Gregory R. Hampton, a New York Giants fan FROM VIRGINIA, 'won' 100 years of NY Giants season tickets at last night's 2019 NFL Draft.



So, what's worse? PSL's as an investment, drafting Daniel Jones with the #6 pick, or winning 100 years of Giants tickets when you live in Virginia?

Well...winning tickets is similar to winning the lottery - and that means it’s subject to income tax. The approximate retail value of the prize package is $425,673.00 -- and the NFL added this to the contest rules, "Estimated taxes paid on Grand Prize Winner’s behalf (to help offset income tax liability imposed in connection with the Season Tickets) (to be based on prevailing supplemental federal tax rate each season and approximation of applicable state taxes based on prevailing rates)."

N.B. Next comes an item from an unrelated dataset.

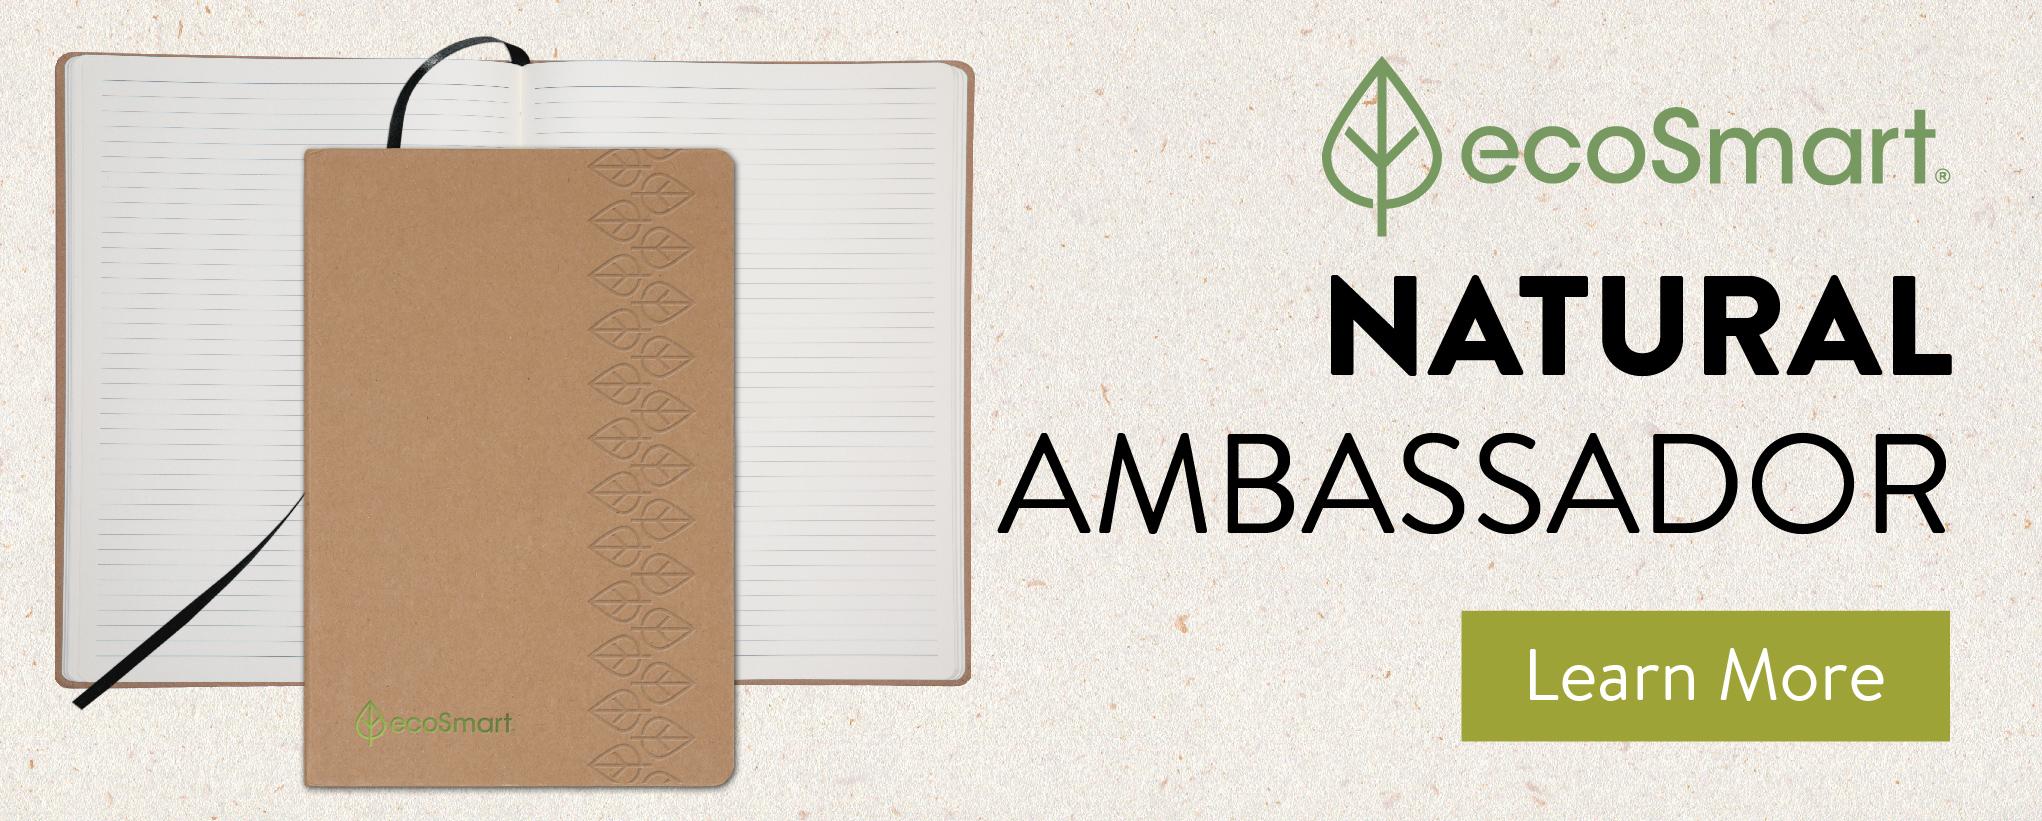 EcoSmart Natural Ambassador

Kelly Phillips Erb writes, "In other words, the NFL is grossing up the prize to account for the taxes. Grossing up is a term that you may also see in employment contracts and it means that the person or entity writing the check or issuing the prize is tacking on some extra dollars to help cover the tax liability. And as confusing as it sounds, the amount that’s grossed up is taxable, too (so yes, you have to gross up a little more).

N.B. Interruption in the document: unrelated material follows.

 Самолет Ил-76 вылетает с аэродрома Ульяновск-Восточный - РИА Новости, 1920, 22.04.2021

"To claim his prize, Hampton must agree to fill out a form W-9. The contest’s terms and conditions make it clear that a form 1099 will be issued. Additionally, other than what’s clearly stated as a part of the prize, '[a]ll federal, state and local taxes…are the sole responsibility of winner.'"

CPA Practice Advisor adds, "Even when pay is grossed up for taxes, it still might not cover all the taxes. Federal income tax has progressive tax rates. As an employee earns more, they are subject to a higher tax rate. Many states have progressive income tax rates, too."

Why, yes -- Virginia has a progressive income tax.